Problem to solve: Give the listing again, word for word, and let no picture into it.

Provided data:
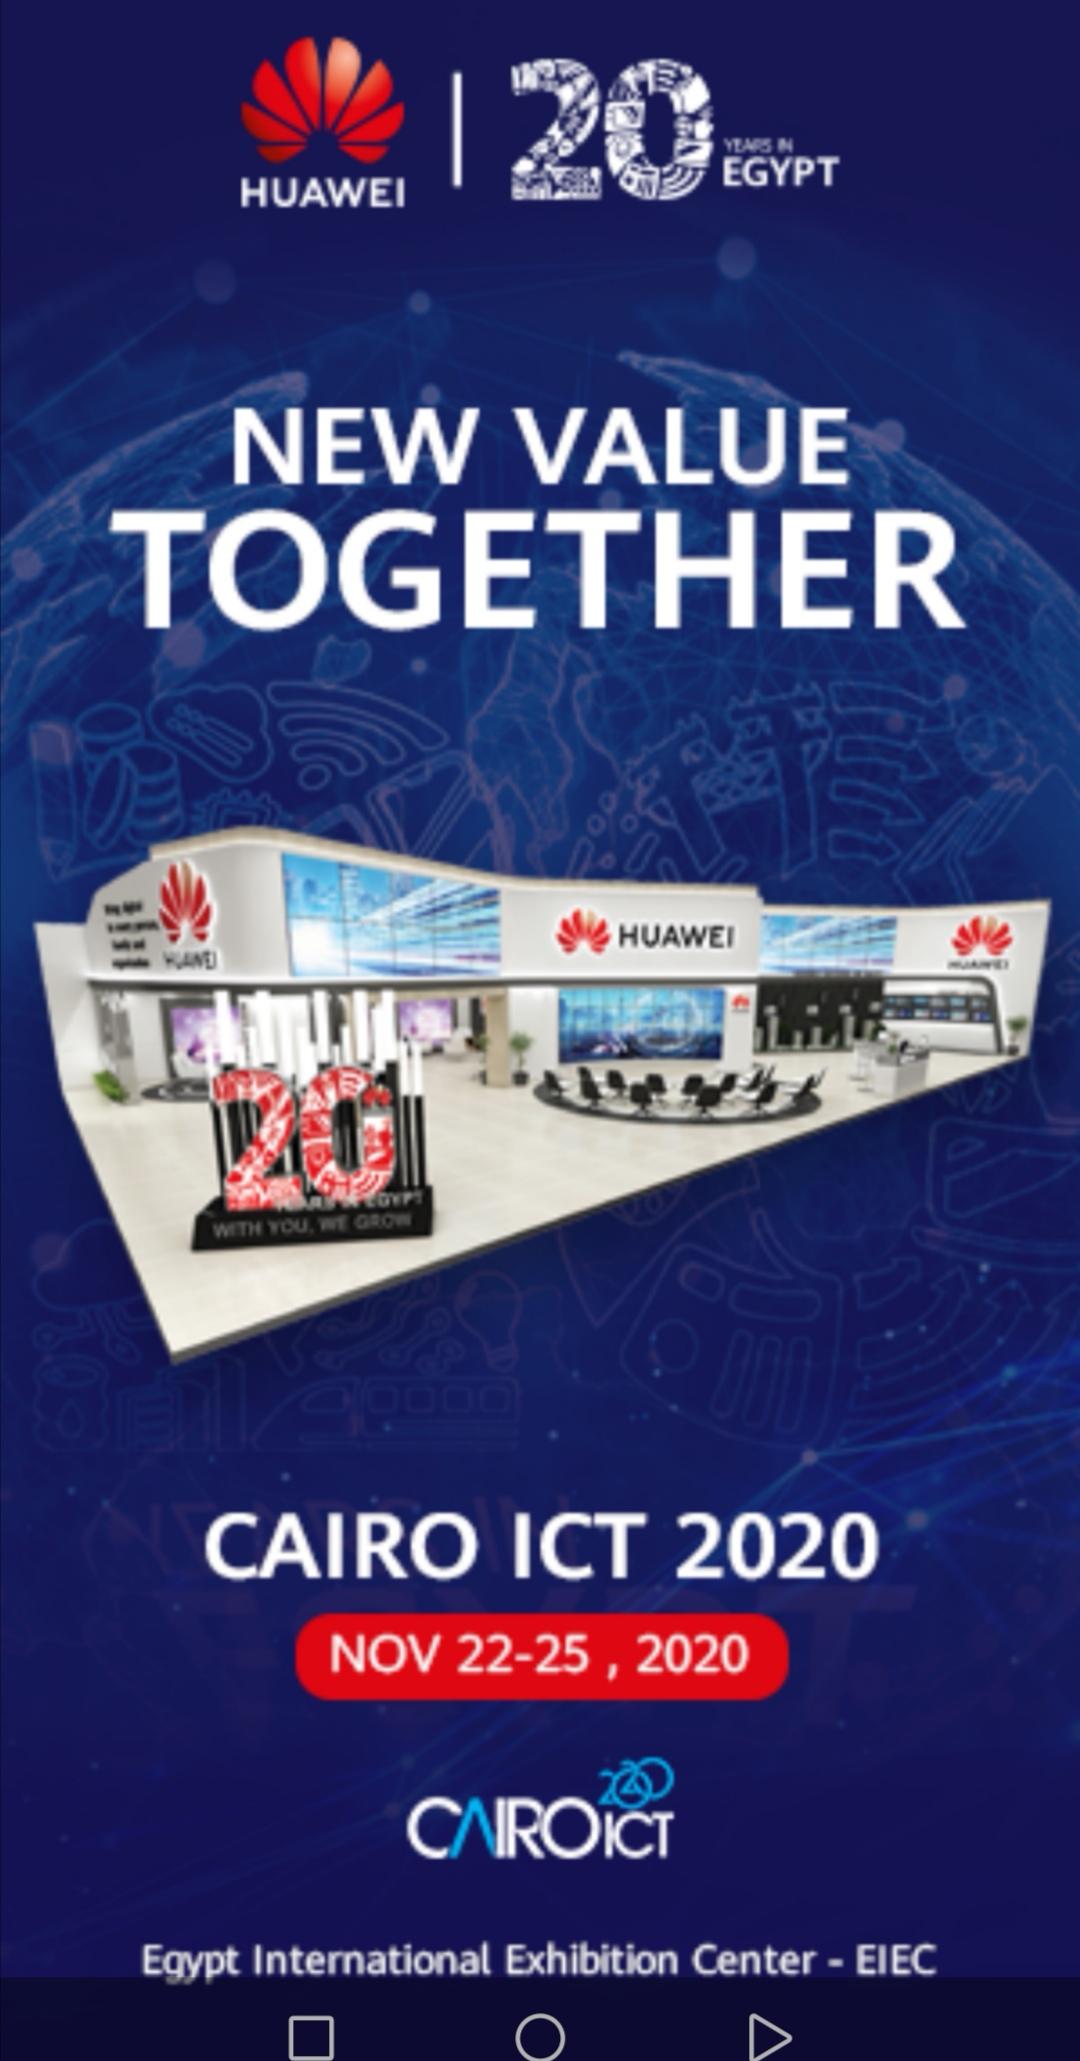 هواوي تستعرض 9 مفاهيم تكنولوجية جديدة خلال معرض Cairo ICT 2020
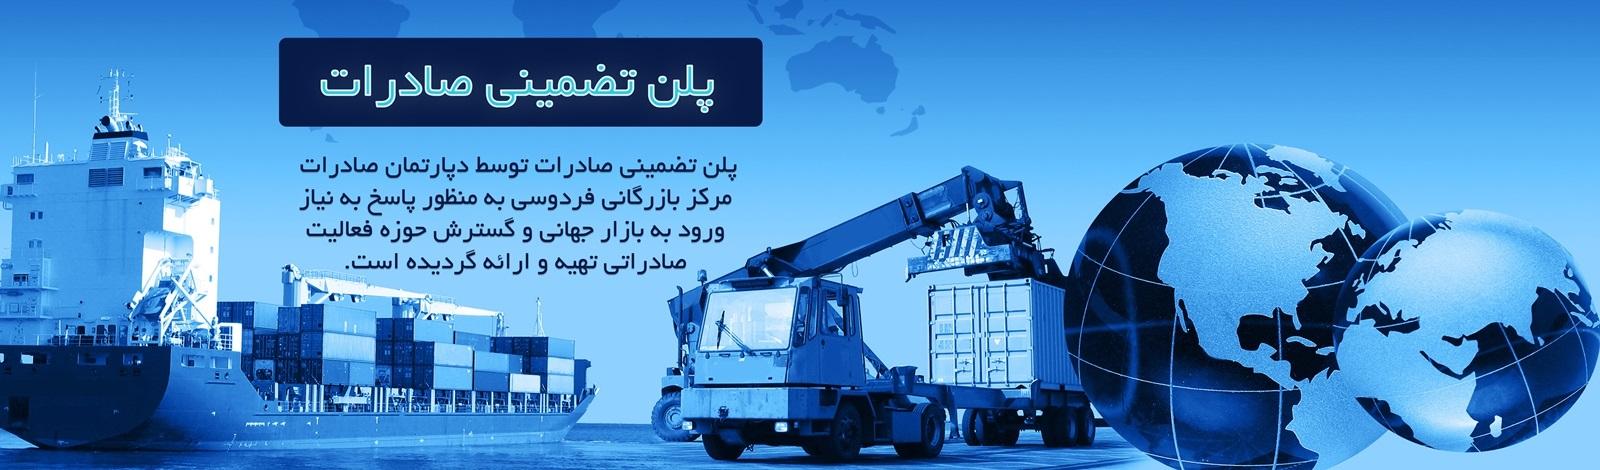 پلن تضمینی صادرات
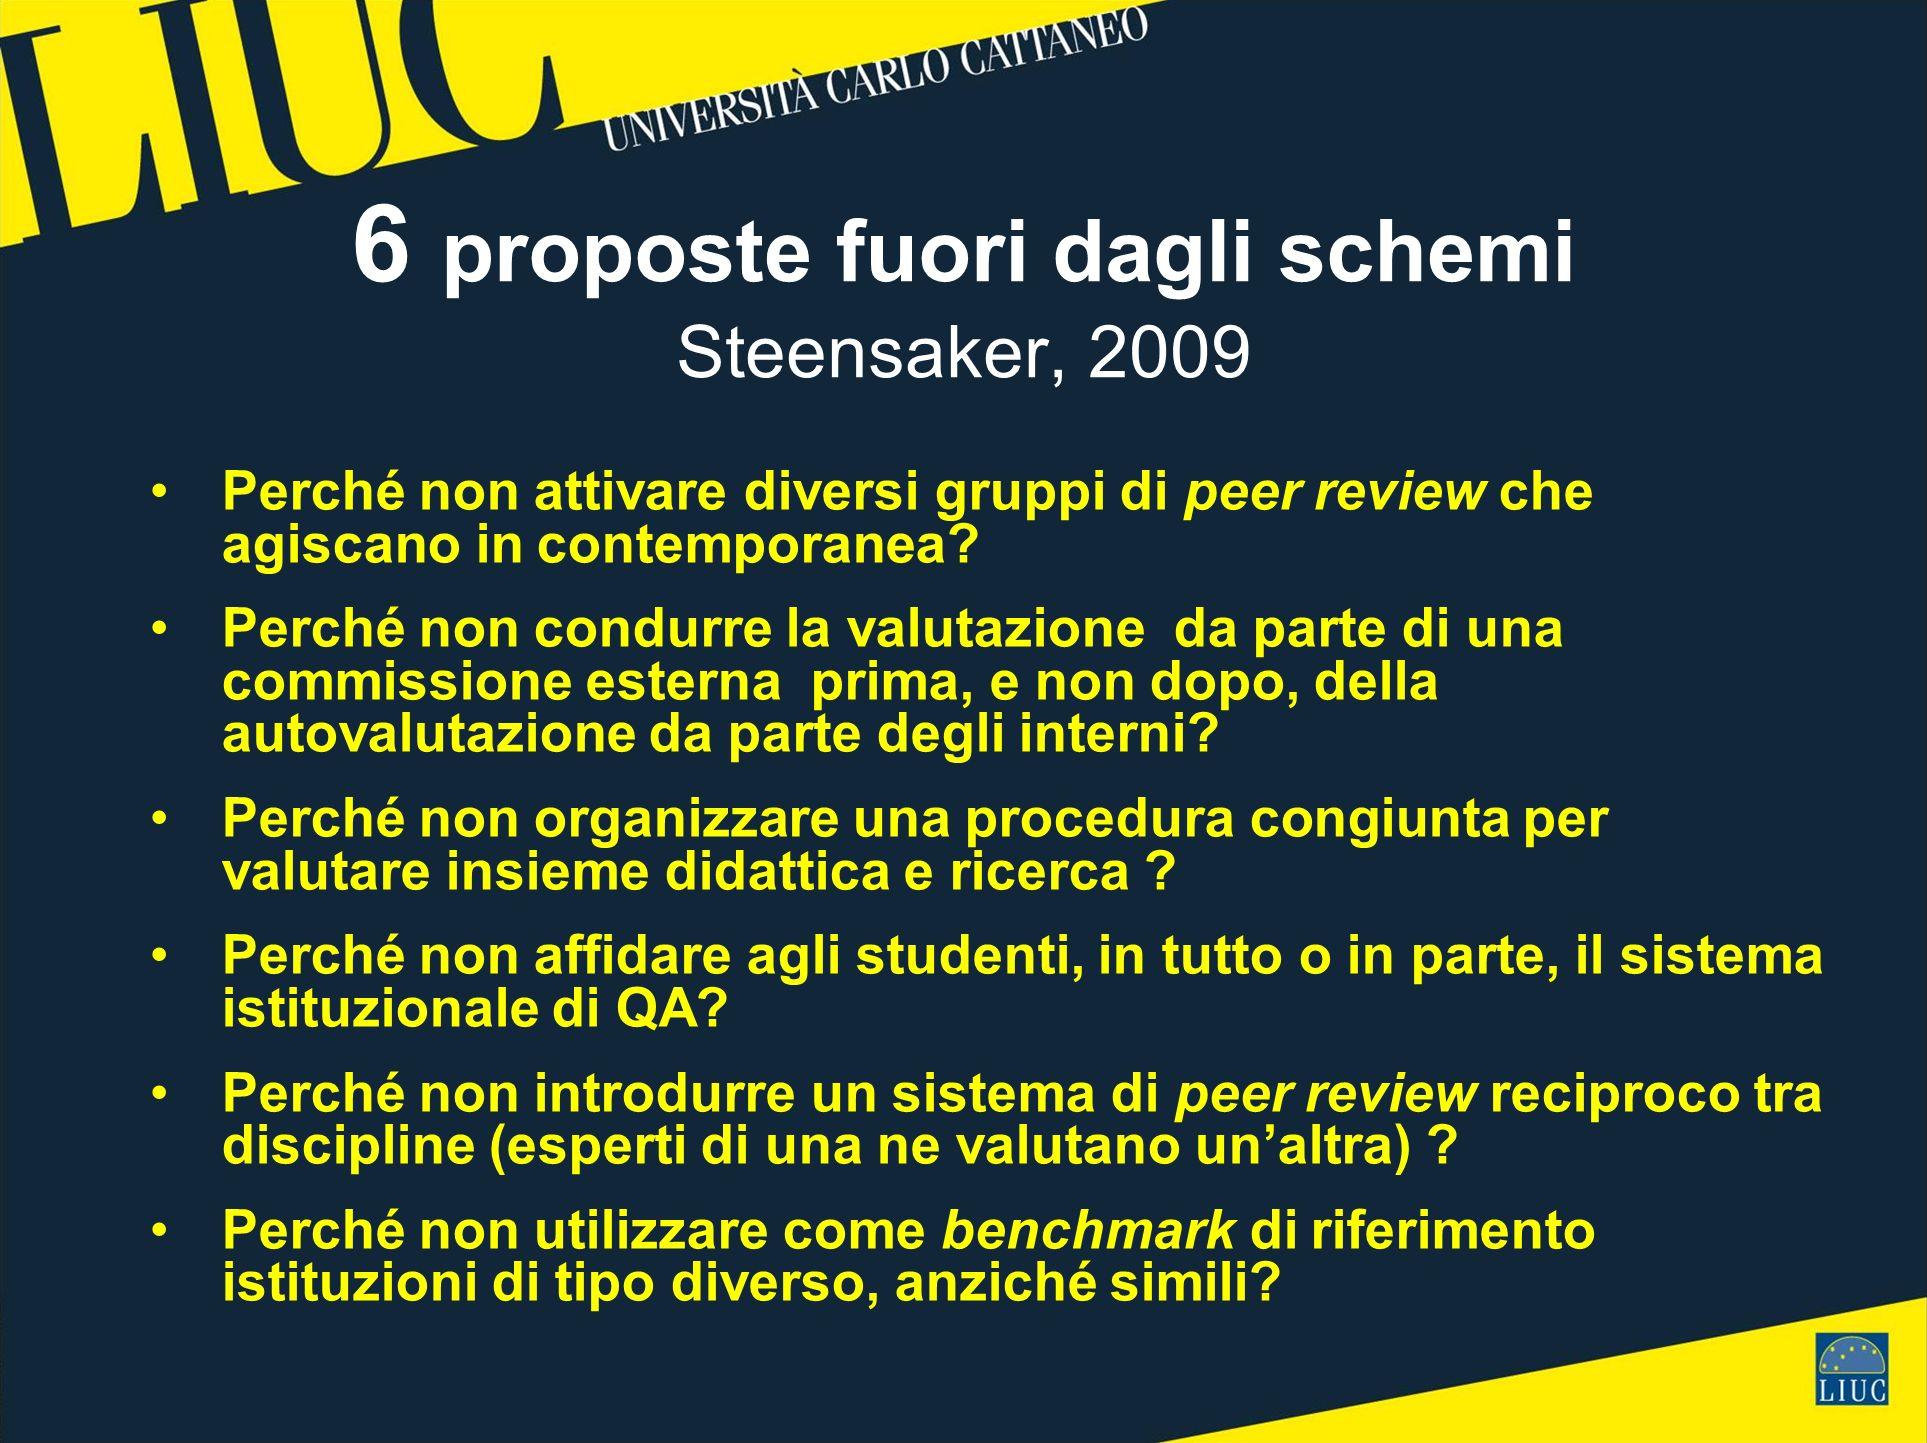 6 proposte fuori dagli schemi Steensaker, 2009 Perché non attivare diversi gruppi di peer review che agiscano in contemporanea.

Your solution:
 هواوي تستعرض 9 مفاهيم تكنولوجية جديدة خلال معرض Cairo ICT 2020
 پلن تضمینی صادرات
 6 proposte fuori dagli schemi Steensaker, 2009 Perché non attivare diversi gruppi di peer review che agiscano in contemporanea.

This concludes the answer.